In these terms "the Seller" shall mean Kuster Limited, "the Buyer" shall mean the person, firm or company to whom the Seller agrees to sell or supply the goods and/or services; "the Goods" shall mean all goods which are the subject of an order placed by the Buyer with the Seller and "the Services" shall mean any work or labour or any task performed by the Seller for the Buyer.
All Contracts made between the Seller and the Buyer shall incorporate these terms and conditions, which shall prevail over the terms and conditions of the Buyer. The Seller shall not be bound by any condition, representation, warranty or statement at variance with these conditions unless the same is agreed in writing and signed by a Director of the Seller and the Buyer's attention is drawn to the fact that only Directors of the Seller have authority to make any condition, representation or warranty on the Seller's behalf.
The Buyer must notify the Seller within three working days of the date of the Seller's acceptance or acknowledgement of order if such acceptance or acknowledgement does not accurately confirm the Buyer's order failing which the Buyer shall be bound by the terms of the acceptance or acknowledgement.
Unless previously withdrawn the Seller's quotations and tenders shall remain valid for the period stated therein or if no period is stated for 30 days from their date. The Seller's offers estimates quotations tenders and price lists are invitations to treat only. All orders must be in writing and must be accompanied by sufficient information to enable the Seller to proceed without delay with the execution of the order. All orders require the Seller's acceptance in writing to create a contract. Any such acceptance shall nevertheless be subject to the Buyer's credit being approved and to cancellation without liability at the instance of the Seller should the Seller subsequently find the Buyer's credit inadequate.
In the interest of product improvement the Seller reserves the right to alter the design, specification and materials of the goods at any time without prior notice. Illustrations and statements made in the Seller's literature are only intended as a guide and the Seller does not accept responsibility for them.
(a)The Seller will use its best endeavour to deliver the Goods and/or provide the Services on the date provided for in the contract but time is not of the essence of the contract.
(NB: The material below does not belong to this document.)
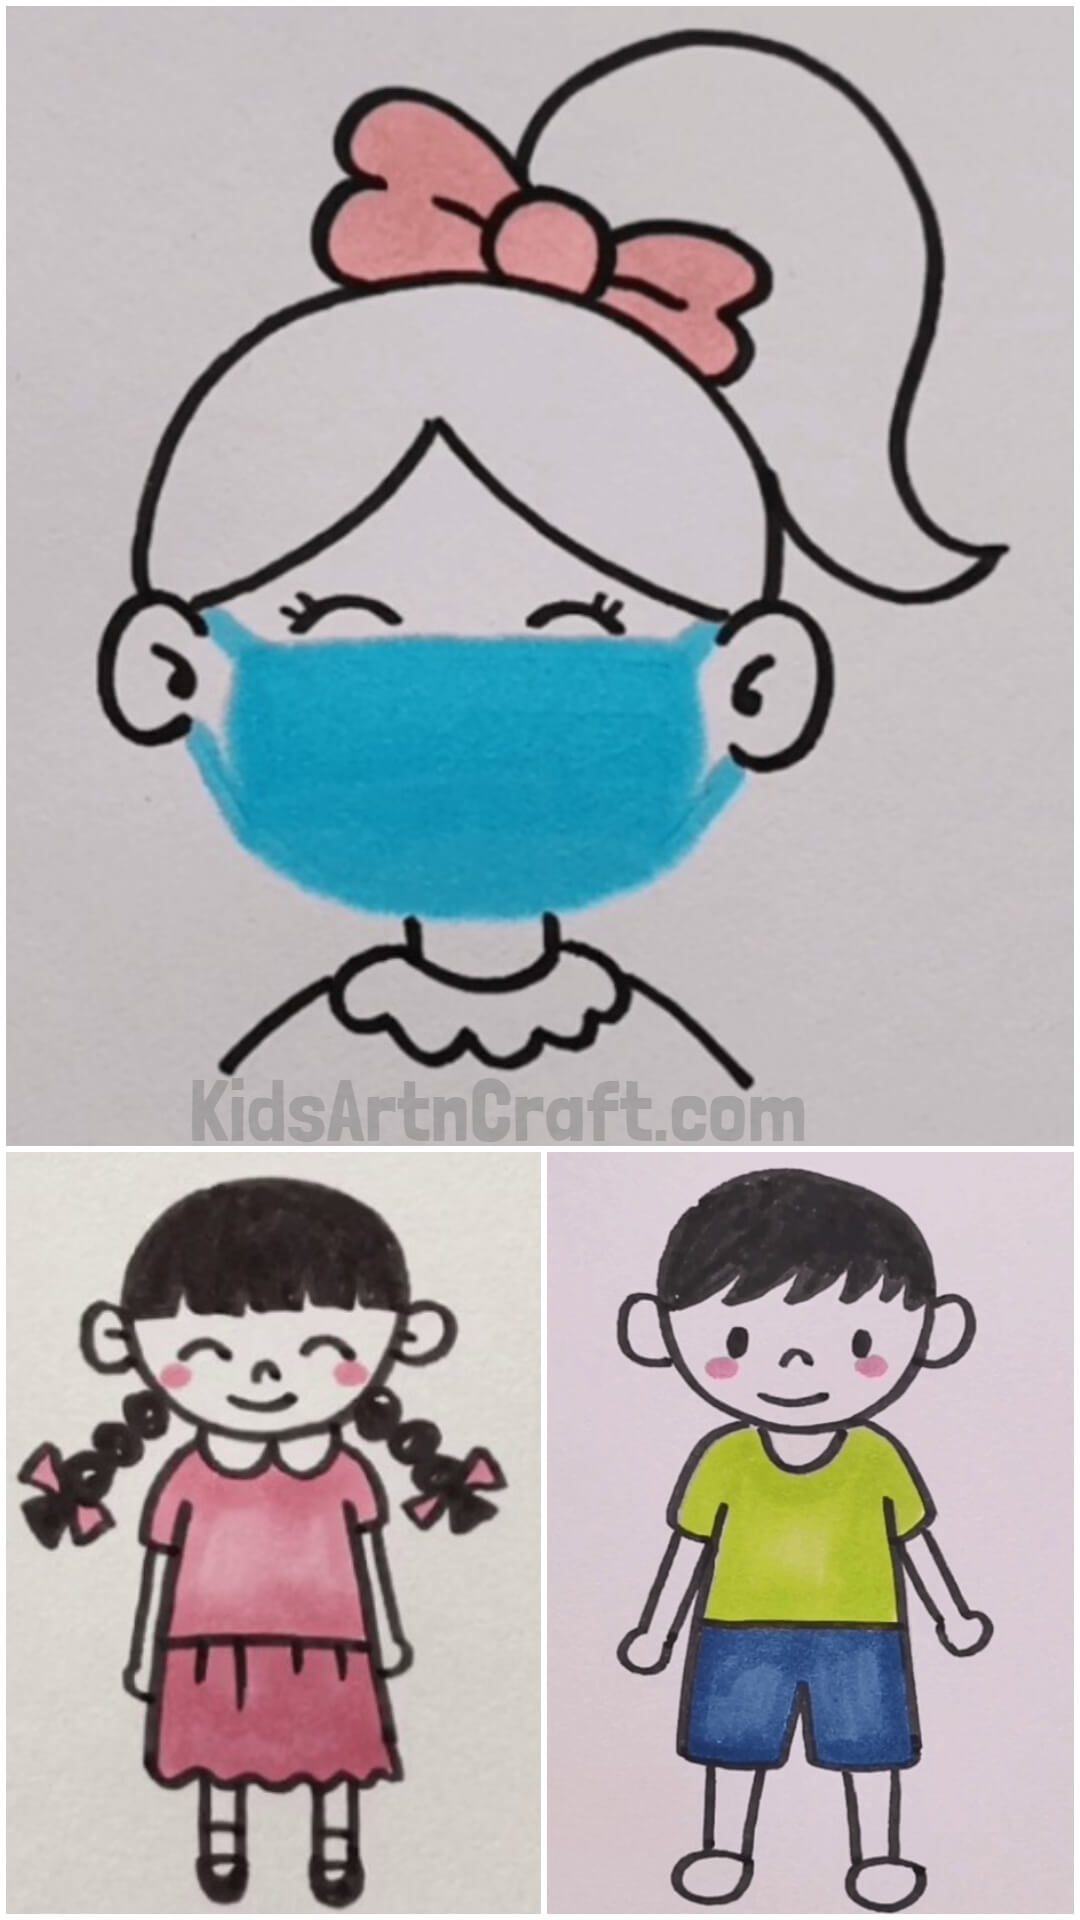 Boy & Girl Drawing Ideas for Kids

The Seller shall not be liable in any way for delay in delivery from any cause whatsoever and howsoever arising nor shall such delay entitle the Buyer to reject the Goods or treat the contract as repudiated or render the Seller liable for damages in any way.
(b)Where the Goods do not correspond with the acknowledgement of order, the Buyer must notify the Seller within three days of the date of delivery, failing which the Buyer will be deemed to have accepted the Goods.
Except where the Buyer collects the goods from the Seller, the Seller will repair or replace or make good (entirely at its option) free of charge any goods damaged or lost in transit provided the following conditions are complied with:
(i) In the case of damage or shortage the Seller and the carriers are notified in writing within three days of advice of delivery being sent. In the case of short delivery the delivery shall be accepted by the Buyer as part performance and shall not be deemed to be in breach of contract.
(ii) Where the goods are not delivered the Seller and the carriers are notified within three days of advice of delivery being given.
No claim may be made under this Clause if an acceptance note relating to the Goods has been signed by the Buyer or his agent or employee. Apart from the provisions of this Clause the Seller accepts no liability for damage shortage or loss in transit.
(a) If by reason of the Buyer's default the Goods or any of them have not been taken up or delivered by any date specified for such taking up of delivery, then:
(i) The Buyer shall nevertheless pay the Seller in accordance with Clause 9 of these conditions as if such taking up or delivery had occurred; and
(ii) The Buyer shall pay the Seller reasonable rent for the period (if any) of storage by the Seller of any of the goods which have not been taken up or delivered together with the cost of any additional handling and transport incurred.
(b) During the period of any storage of the Goods or any of them by the Seller as contemplated by sub clause (a) (ii) of this Clause 7 such Goods shall be at the risk of the Buyer.
(a) All prices include only such Goods and accessories as are specified in the quotation and are for the quantities therein expressed. If the Buyer shall request any variation in quantity the price may be varied accordingly.
(b) Unless otherwise specified prices quoted do not include Value Added Tax which will be added at the rate prevailing at the appropriate tax point.
(c) Unless otherwise specified prices quoted include carriage. Where the quoted prices do include carriage the Seller shall determine the route and method of carriage and any special requirements of the Buyer shall be subject to an additional charge.
(d) Unless otherwise specified prices quoted include the Seller's and/or its supplier's standard non-returnable packaging. It is the Buyer's responsibility to dispose of all packaging after delivery.
(e) At any time before delivery has been completed the Seller shall be entitled to vary the prices of the Goods to take into account all or any of the following factors.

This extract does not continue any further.